2025 in Rear View
More grist for the content mill
I’m not fond of yearly roundups and retrospectives. Despite their annual recurrence, the form feels divorced from the cycles of nature. There is nothing in the stiff breeze, nothing in the angled sunlight, nothing the scraps of dirty snow piled high onto sidewalks, to suggest the deluge of content closes out the previous year and inaugurates the next. But now is the time for the articles to get reposted, for the podcast appearances to get reposted, for the top tens and the top one hundreds to get posted, for the posting of honorable and dishonorable mentions, along with, always, reminders of exclusive paid subscriber only content.
I don’t begrudge anyone for engaging in the year-end content mill. In fact, I’m neglecting my duty as a publisher—(at least my duties as a publisher who doesn’t have a publicity department)—by not using the occasion to promote the works that I published. In 2025, Paradise Editions published a grand total of two pamphlets, which together consist of less than a hundred pages of relatively large type. Still, I’m proud at having designed and assembled Israel Bonilla’s Phoretics. It doesn’t serve Israel’s work at all for me to adopt some anti-promotional stance, now of all times. I’m on social media constantly. Why should I have scruples about it all of a sudden?
It’s just not my job. As a translator and publisher, I’m a custodian of texts; I do them far more justice when I write procedurally, impersonally, commercially, rather than reflectively: Book A, about Subject B, is now, as of Date C, available through Website D, for Price E. International shipping charges reflect the expense of the service; Publisher not liable for lost packages or duty charges; Thank you for your order.
Speaking of translations, I had a novel by Jean Paul and a short collection of essays by Heinrich von Kleist come out this year. The former was published by another publishing house; the latter was, by most definitions, self-published—both to little fanfare. That was at least half my fault. I was responsible for sending out review copies, for following up with those reviewers, for doing all the other promotional chores. Part of my reluctance to promote stems from the fact that the substantive work on both books is more than a year behind me. They’re the products of 2023, of 2024. Print—especially the printing of translations—works slow.

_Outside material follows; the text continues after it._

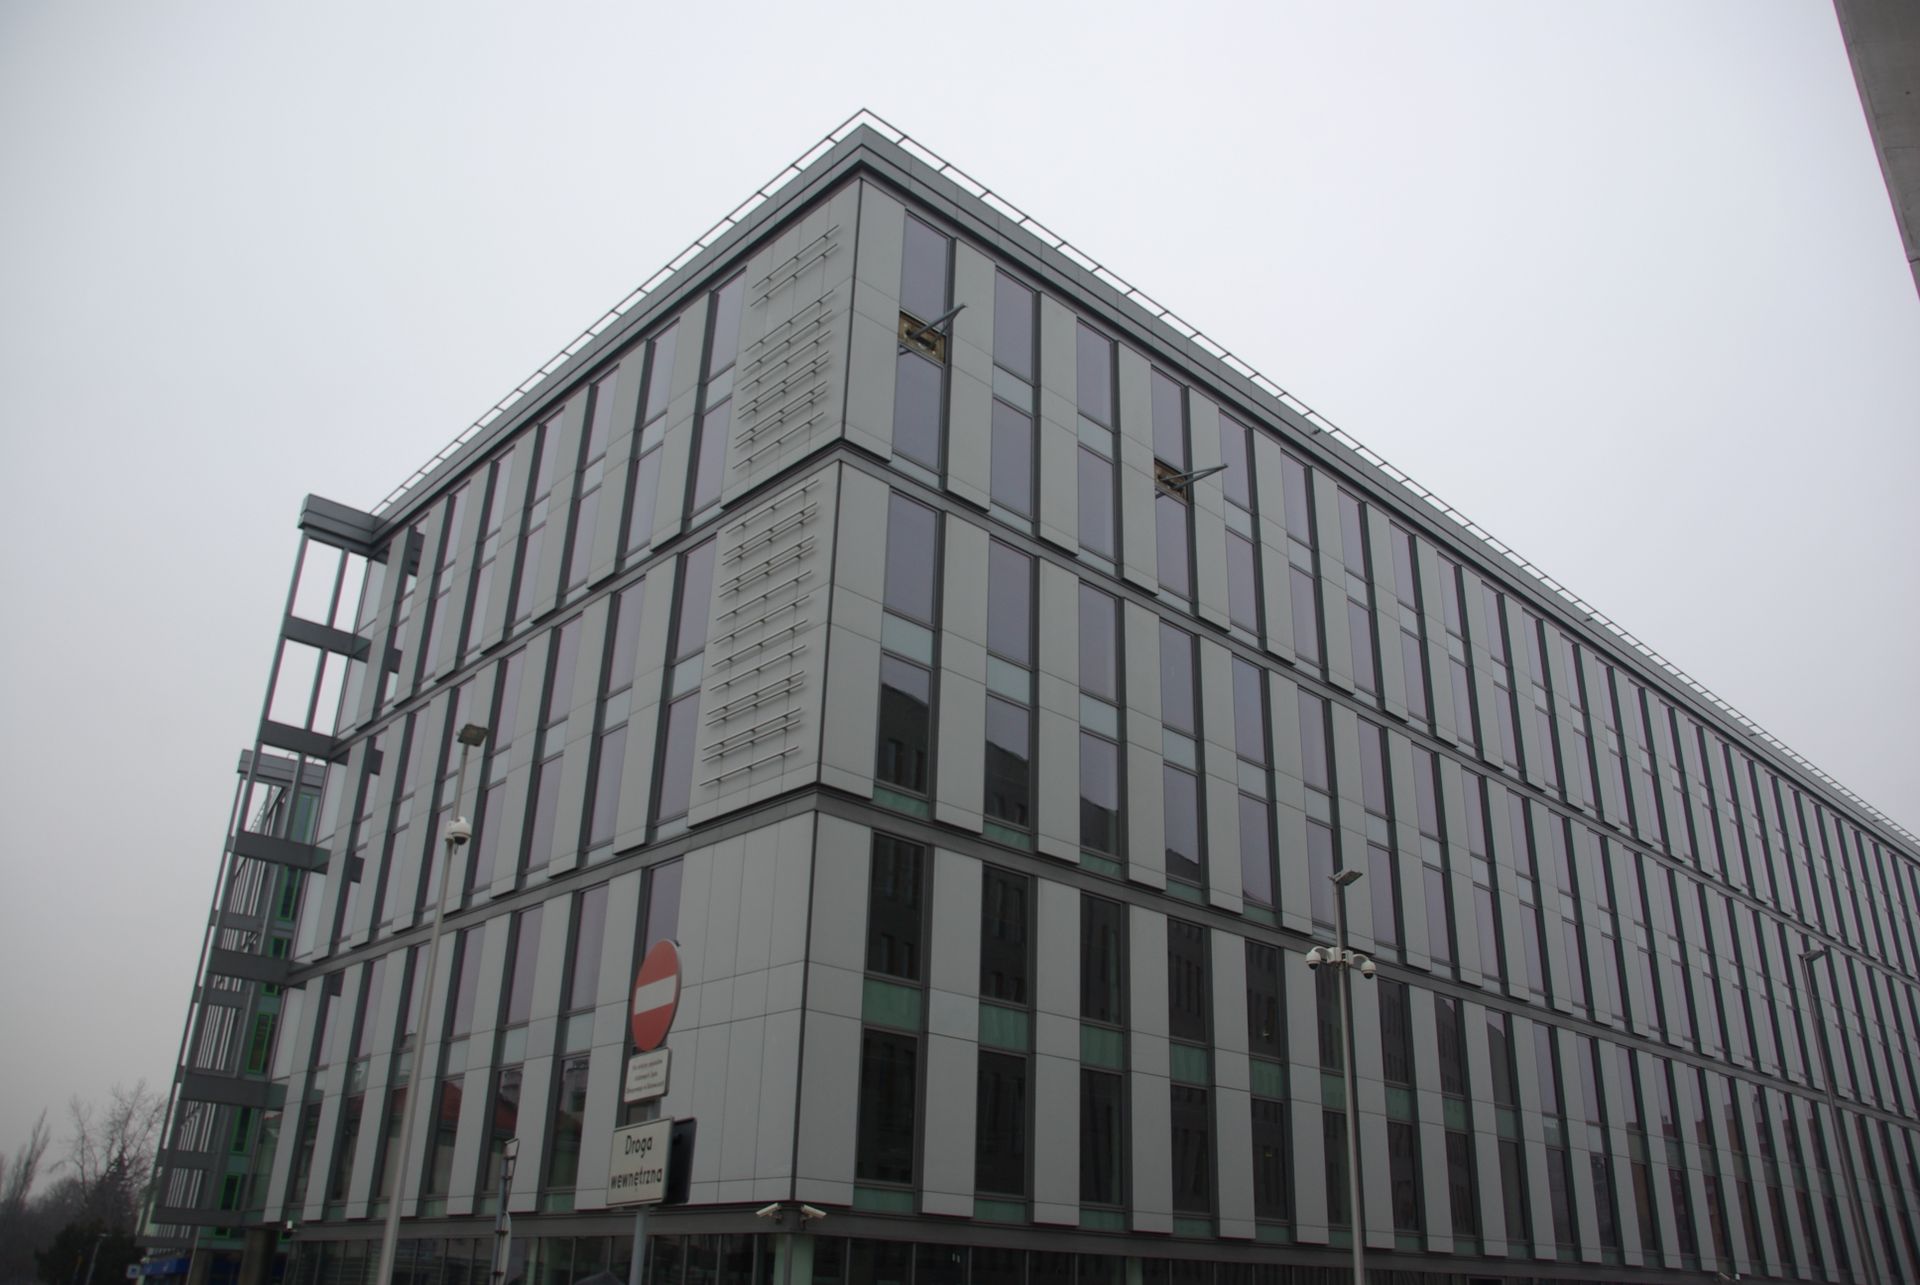  Nowa siedziba Krajowego Rejestru Długów Biuro Informacji Gospodarczej SA w Katowicach

Why should I begrudge anyone for posting their yearly highlights? I’m glad that Robert Rubsam did. I did happen to read his profile of Kiyoshi Kurosawa, a favorite director of mine; I was aware of the article because I talked to him directly about it, before we saw a rare screening of Kurosawa’s 1998 comedy drama License to Live at the Japan Center in New York. Rob’s thoughts on the film helped me clarify my own. But I also found out, through his retrospective newsletter about 2025, that Rob also wrote about the Met’s Caspar David Friedrich exhibition, about Kelly Reichardt’s recent art-heist movie, and about a dozen other things. I had no idea, and I follow the guy, as they say, on all the socials.
The deluge of content never stops; it’s impossible to pick out everything worthwhile that’s trapped in the current. Those yearly retrospectives are like a sluice gate, channeling the suspended ore to where it can be panned out and sifted, while the rest floats on by, out of sight and out of memory. If there was anything in 2025 you might have wanted to read but did not, could not, well, I’m sorry. It really is too bad that we can’t read everything we want, write about everything we want to write about. I plan to do better at this, but that’s a promise about production; when it comes to quality, there can be no guarantees.